What is being asked
Will you extract the entries word for word? Images should not appear in the copy.

Items from a dataset:
-*-*-
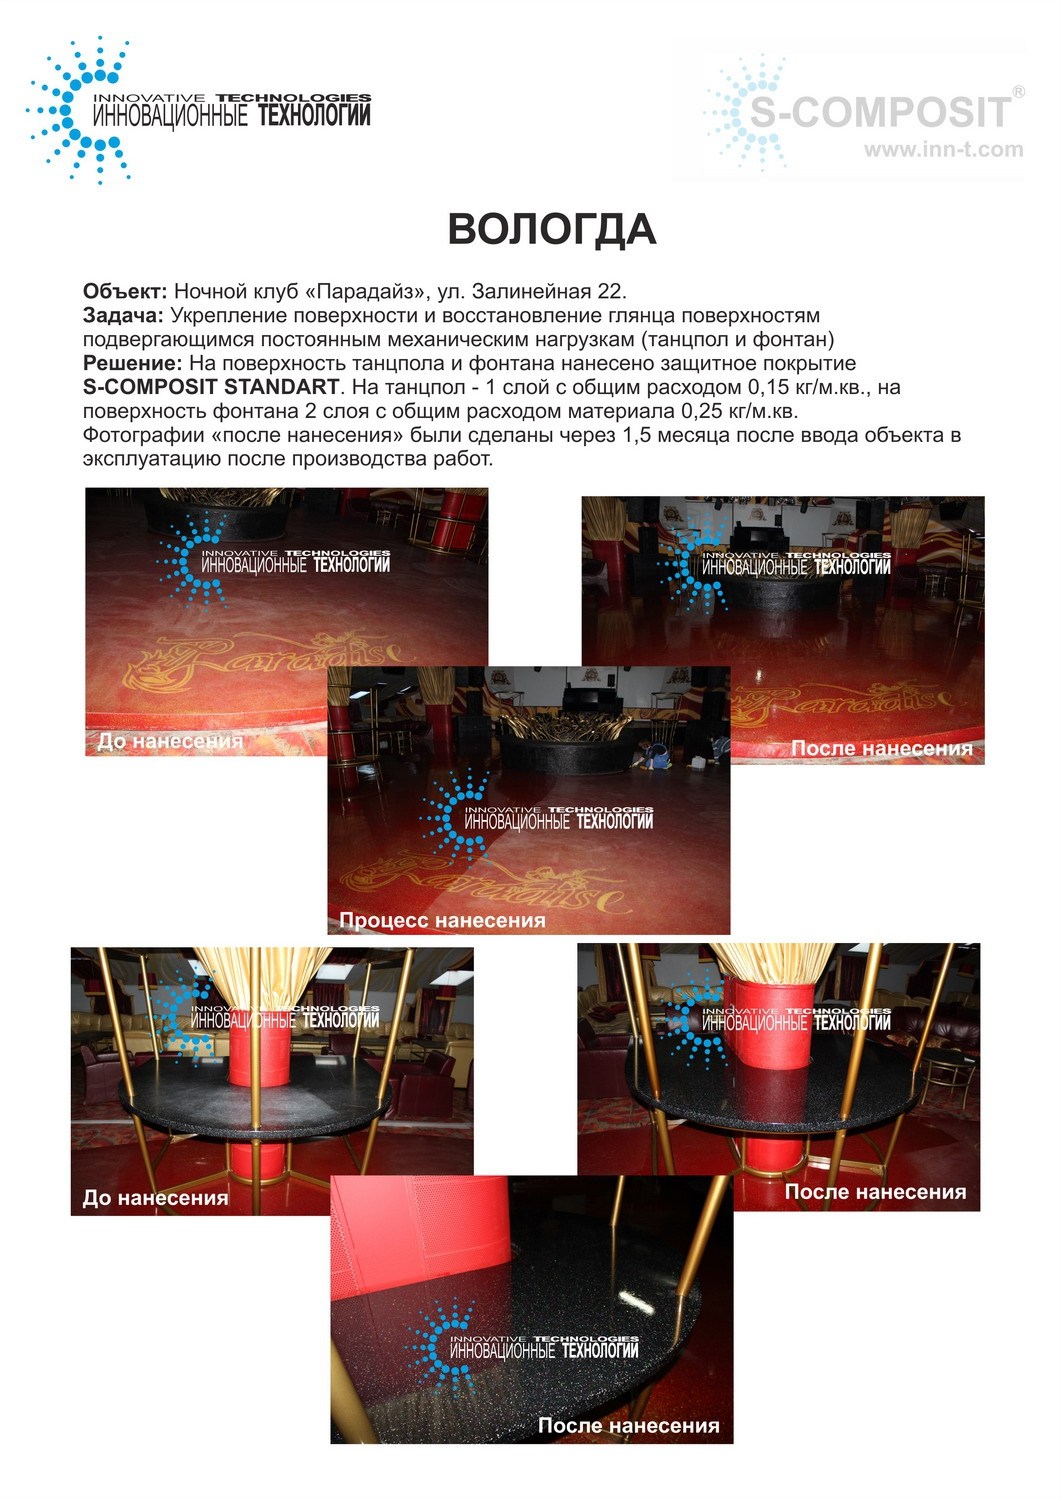 Реконструкция напольного покрытия в ночном клубе Парадайз, город Вологда.
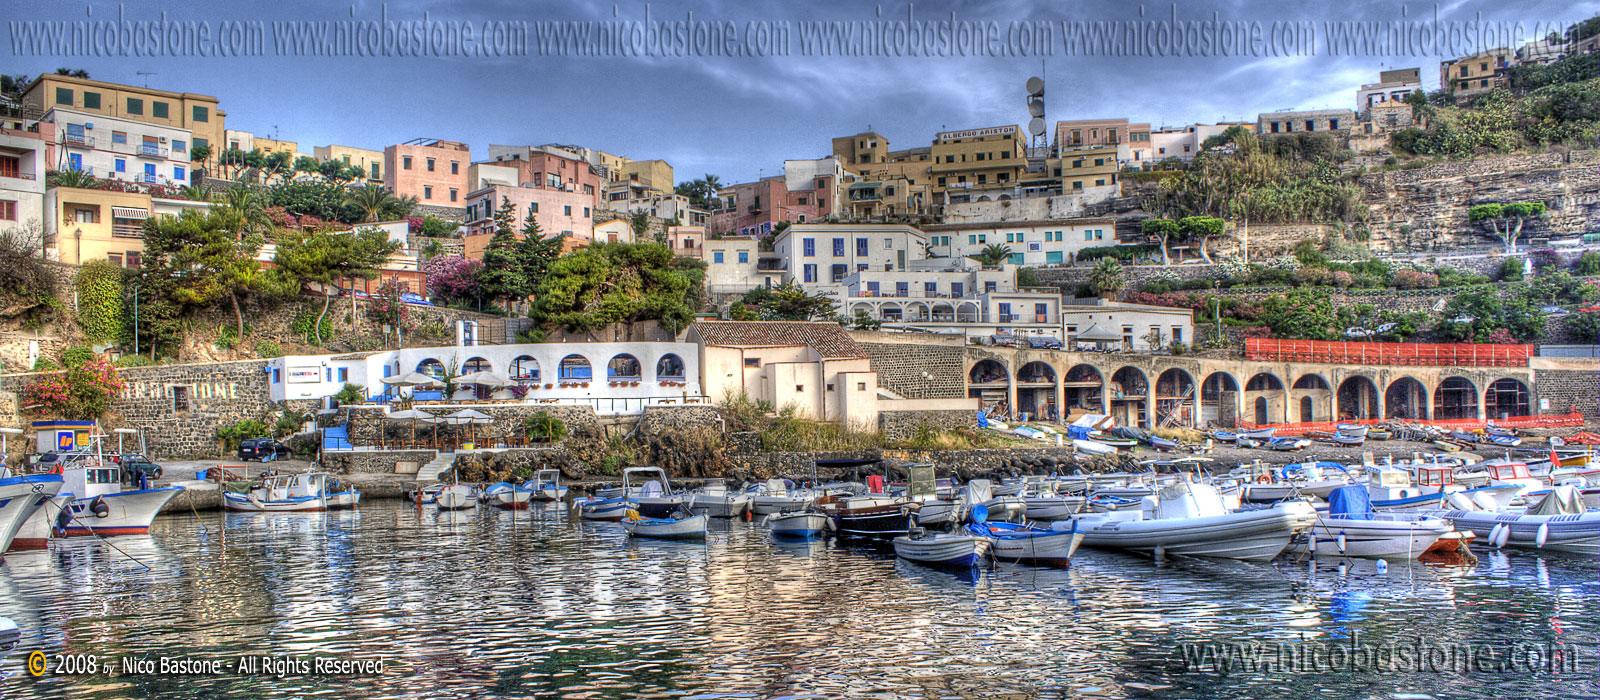 Ustica PA "il porticciolo - the little harbour" - Elaborazione grafica in HDR, High Dynamic Range
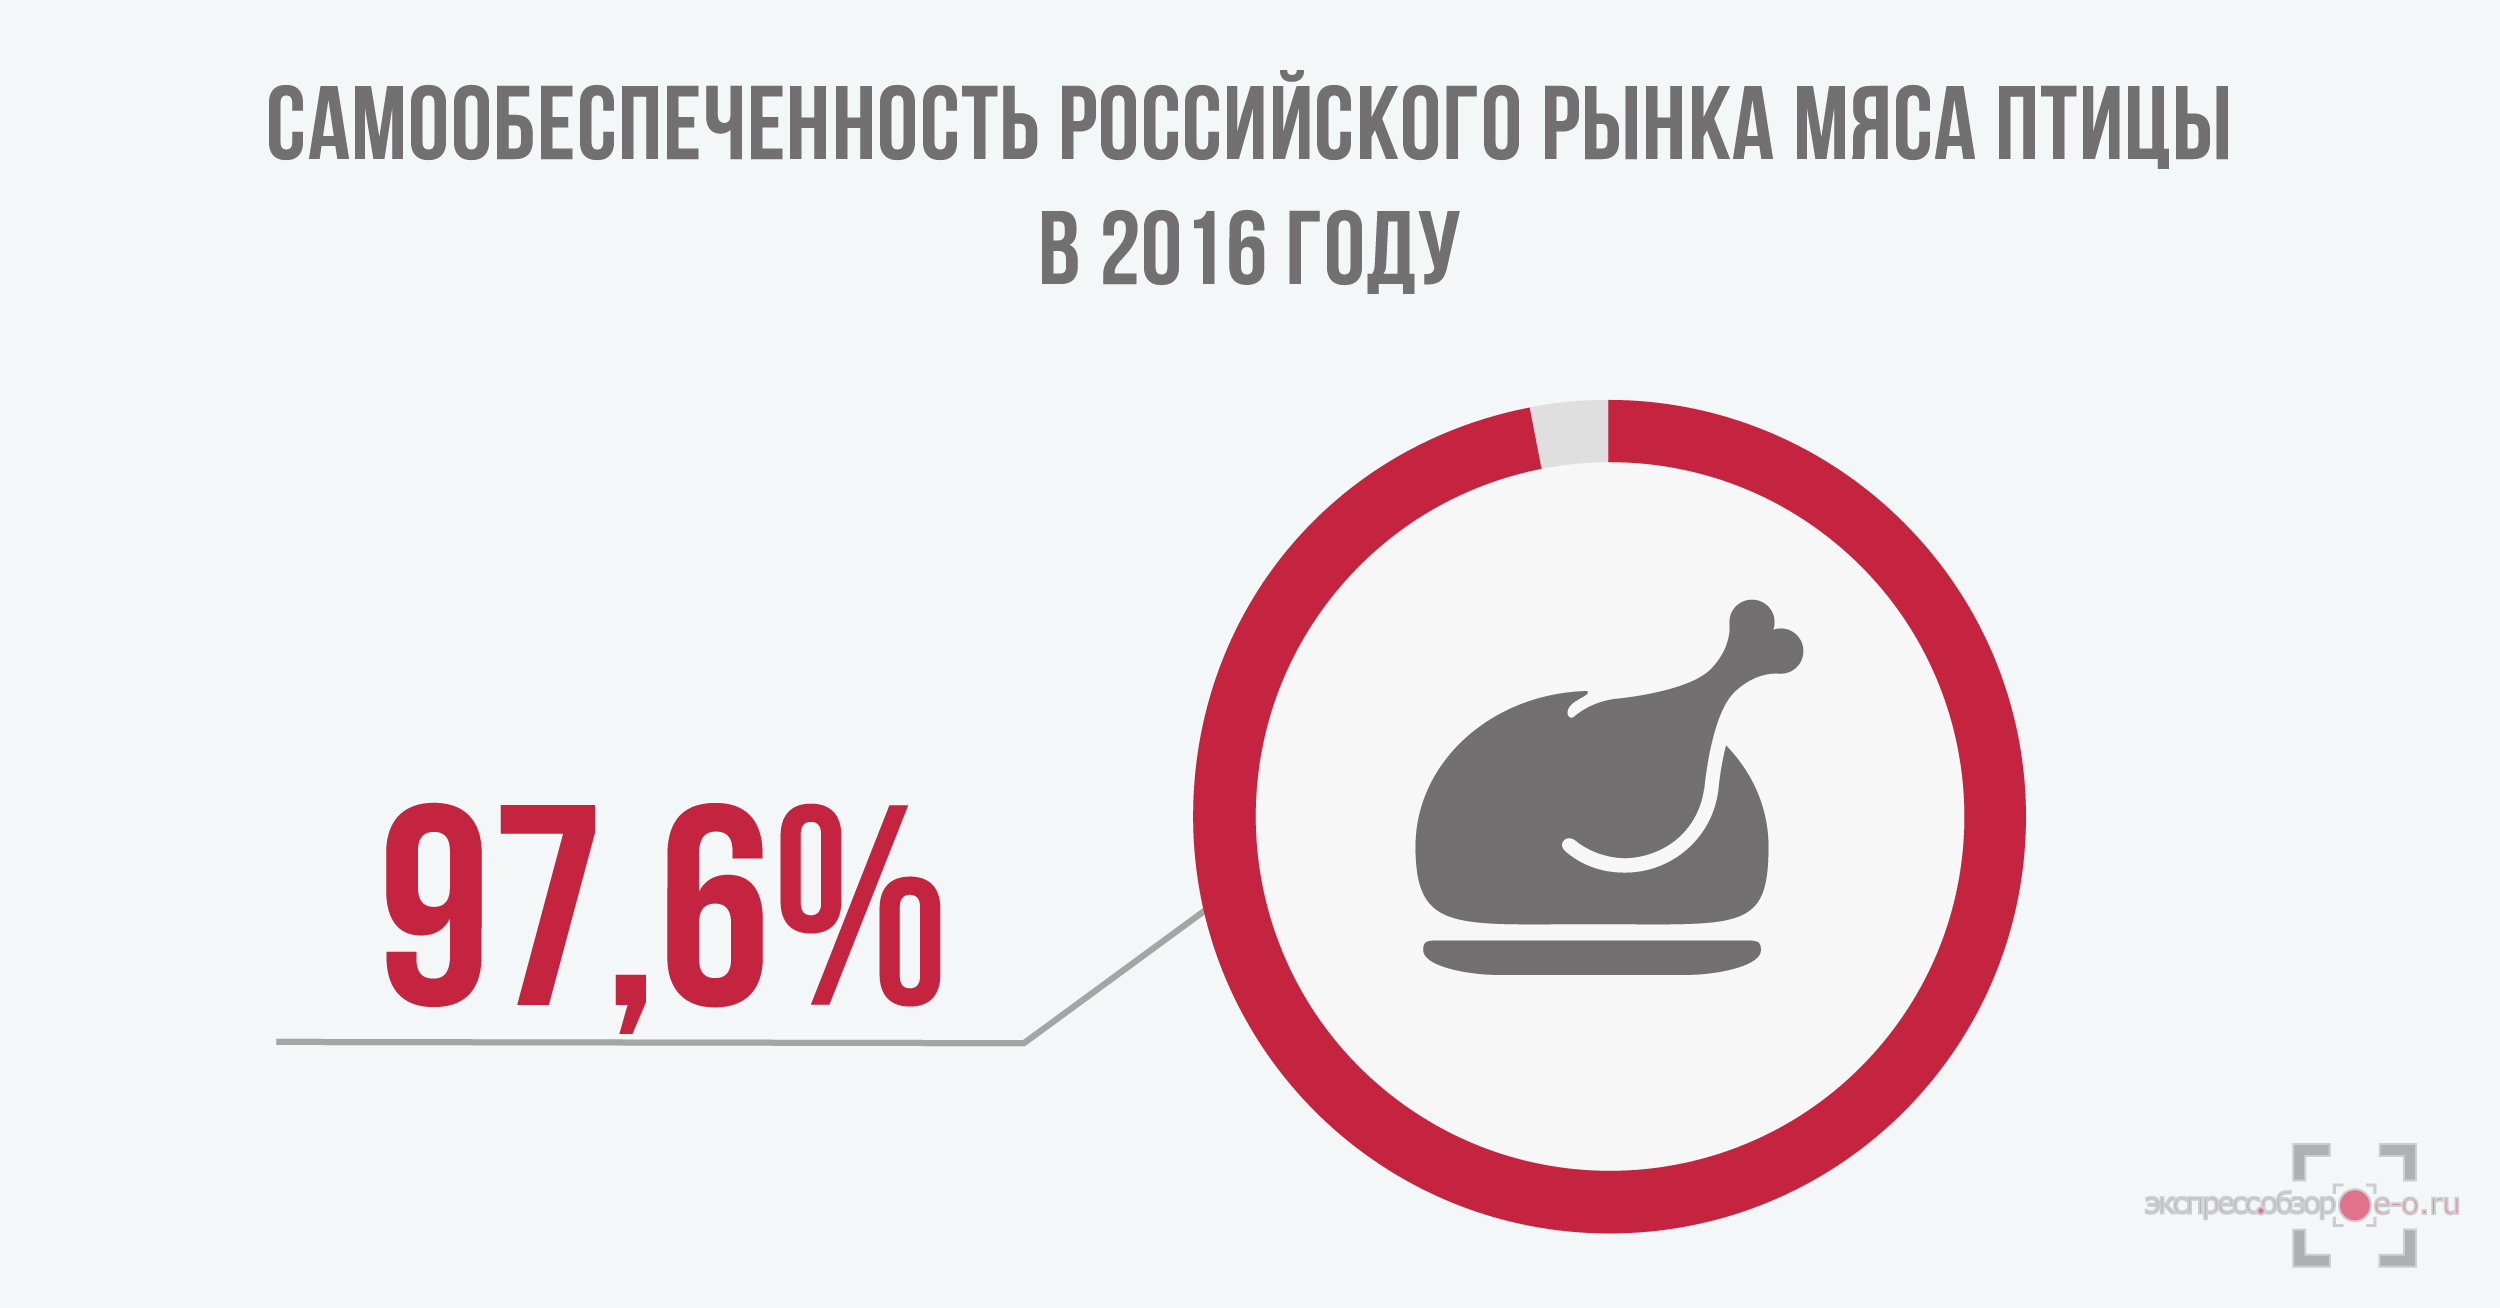 Рынок мяса птицы в России в 2016 году
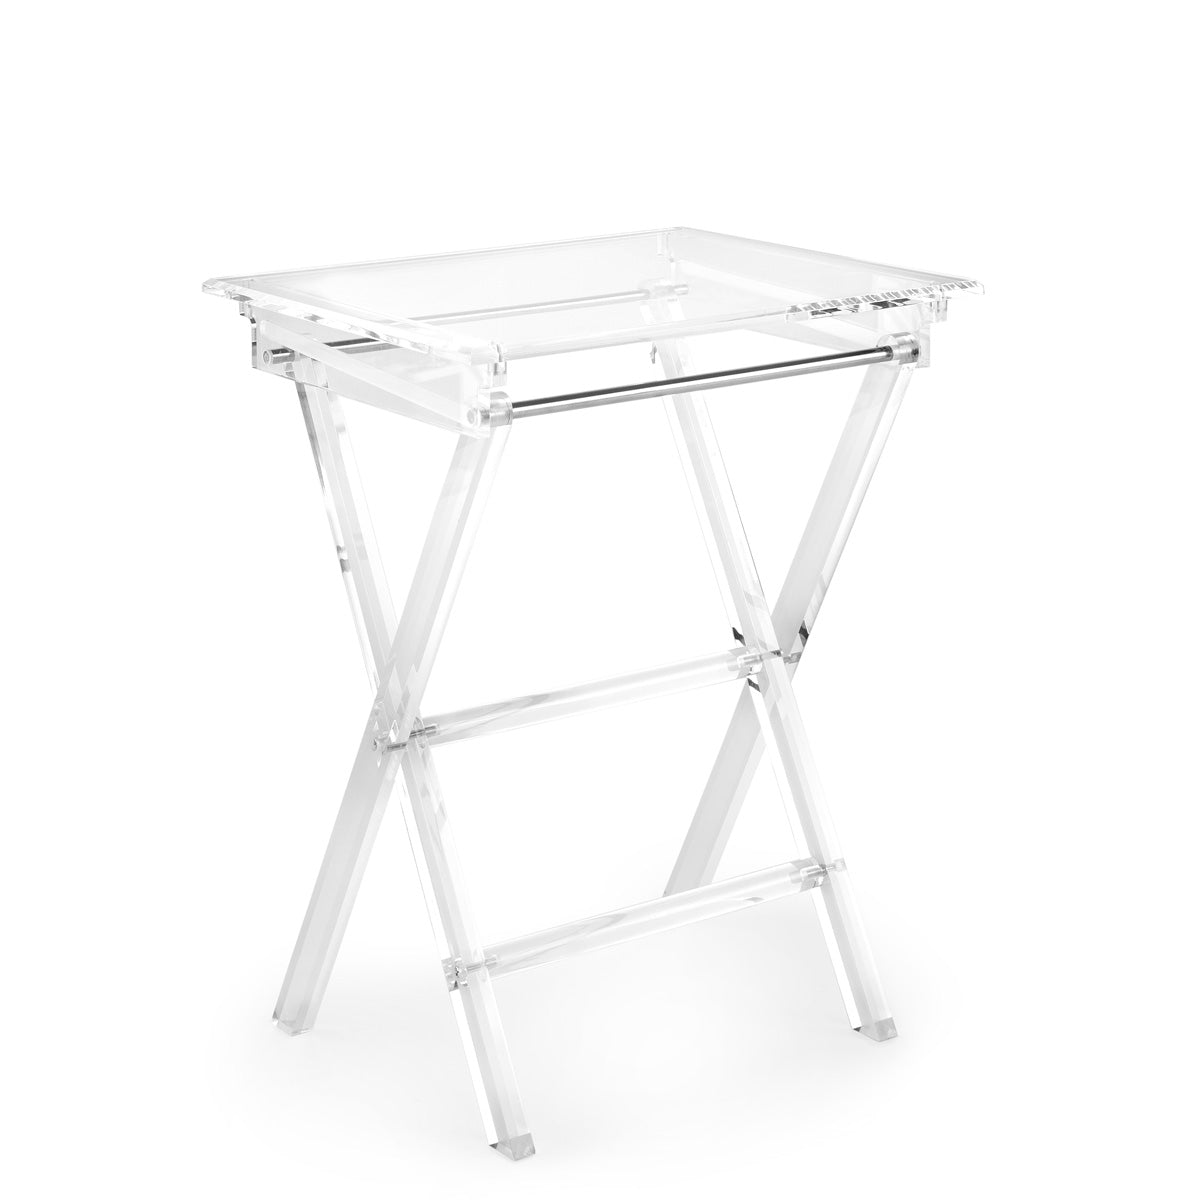 Clarté Acrylic Folding Table
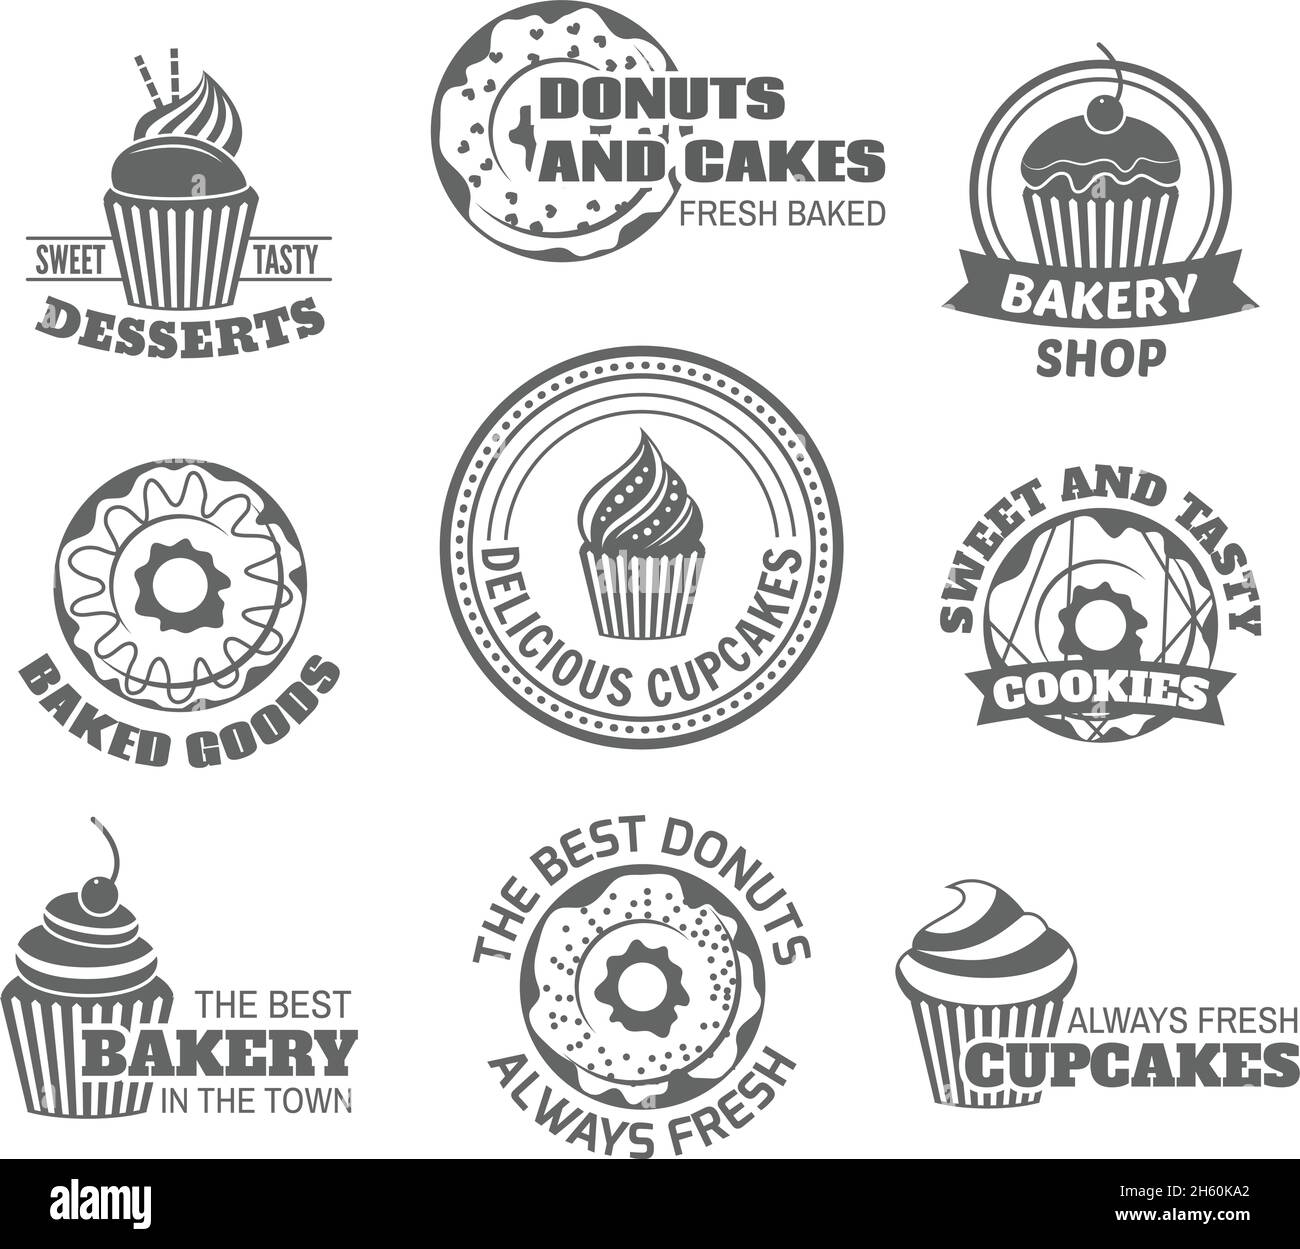 Essen süß lecker Desserts Donut und Cupcake Etiketten isoliert gesetzt vektorgrafik Stock Vektor
-*-*-
Answer to the exercise
 Реконструкция напольного покрытия в ночном клубе Парадайз, город Вологда.
 Ustica PA "il porticciolo - the little harbour" - Elaborazione grafica in HDR, High Dynamic Range
 Рынок мяса птицы в России в 2016 году
 Clarté Acrylic Folding Table
 Essen süß lecker Desserts Donut und Cupcake Etiketten isoliert gesetzt vektorgrafik Stock Vektor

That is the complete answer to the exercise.